RD-E: 1500 Gears
The purpose of this study is to demonstrate the use of quadratic interface contact using two gears in contact with identical pitch diameter and straight teeth. Two different contact interfaces are compared.
Options and Keywords Used
- /BCS
- Defines boundary conditions on node groups for translational and rotational motion.
- /BRICK20
- Describes 3D solid elements (20 node brick elements).
- /IMPVEL
- Defines imposed velocities on a group of nodes.
- /INIVEL/AXIS
- Initialize both translational and rotational velocities on a group of nodes in a given coordinate system.
- /INTER/TYPE16
- Simulates the impact between nodes and external surfaces of brick.
- /INTER/TYPE17
- Simulates the impact between external surfaces of two brick groups.
- /SHEL16
- Describes the 3D shell elements (16 node thick shell elements).
Input Files
Model Description
The gear system is turning with a constant acceleration ( = 2.0e-6 rad/ms2).

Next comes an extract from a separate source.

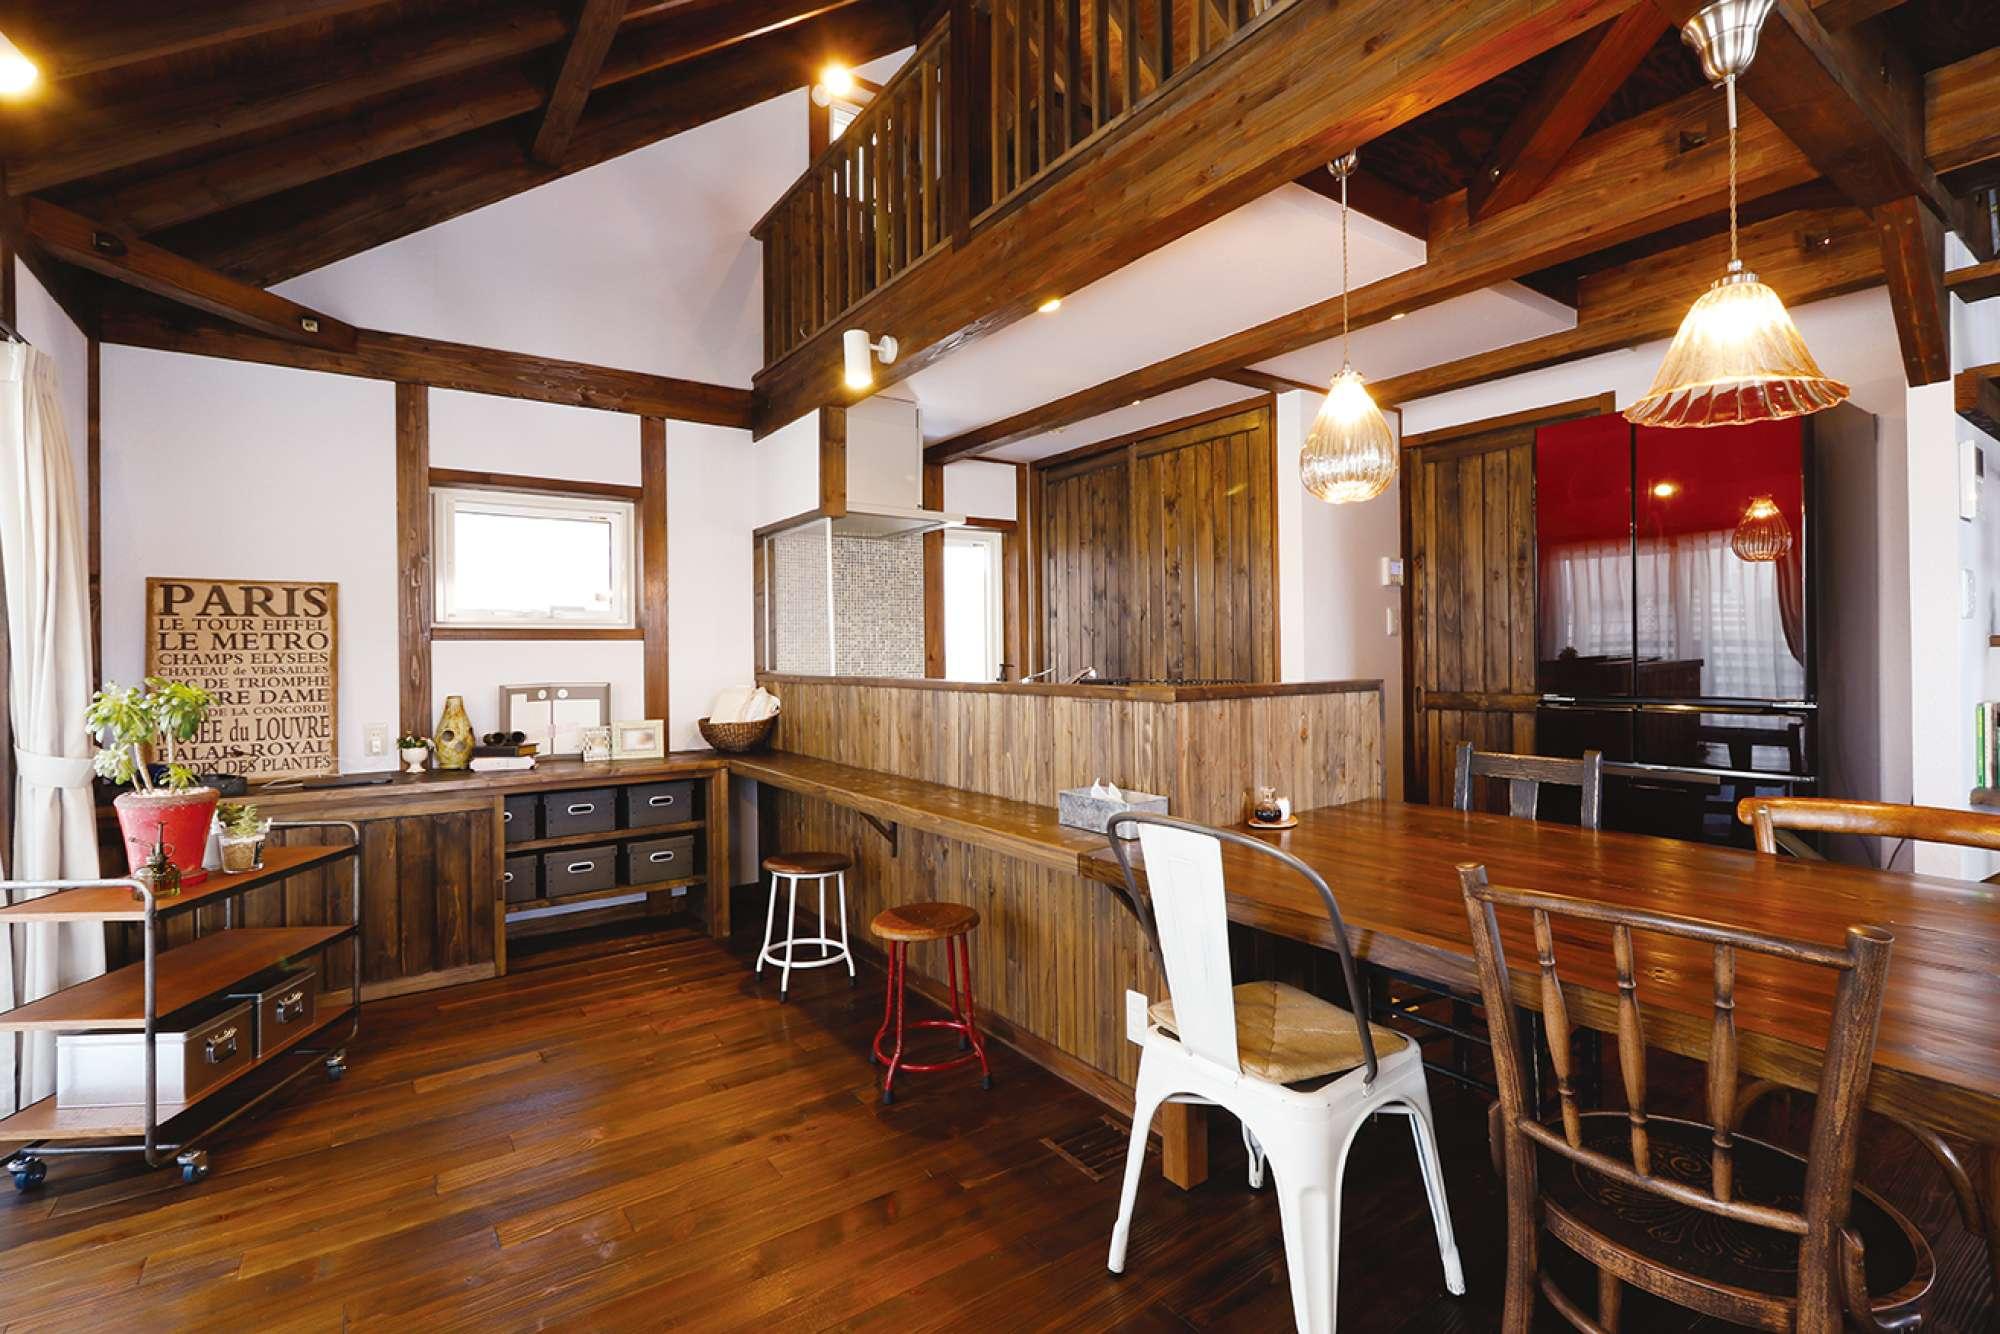 木の魅力を最大限に引き出した 多彩な造作、2階に大空間を創出 -

The acceleration is applied to one gear. It is assumed that the contact between the teeth does not generate any friction.
- Material Properties
- Value
- Young's Modulus
- 210000
- Density
- 7.8x10-03 g/mm3
- Poisson's ratio
- 0.29
- Number of teeth
- Z =19
- Diametric pitch
- P = 1/mo= 1/40
- Pressure angle
- ao= 20 degrees
- Parameters
- Value
- Pitch diameter
- Dp = mo* Z, then Dp = 760 mm
- Root diameter
- Db = mo* cos(ao), then Db = 714.17 mm
- Addendum
- ha = mo, then ha = 40 mm
- Dedendum
- hf = 1.25 * mo, then hf = 50 mm
- Circular pitch
- p = PI * mo, then p = 125.66 mm
Results
Time History Results
Conclusion
Both interfaces provide overall satisfactory results for this kind of application where the contact surfaces are complex and there is no gap. Since these contacts use Lagrange multiplier kinematical conditions, they only work with SMP parallelization which is limited to fewer CPUs compared to Hybrid and SPMD parallelization. For larger models, penalty contacts TYPE24 and TYPE25 work better for solid elements with no contact gap.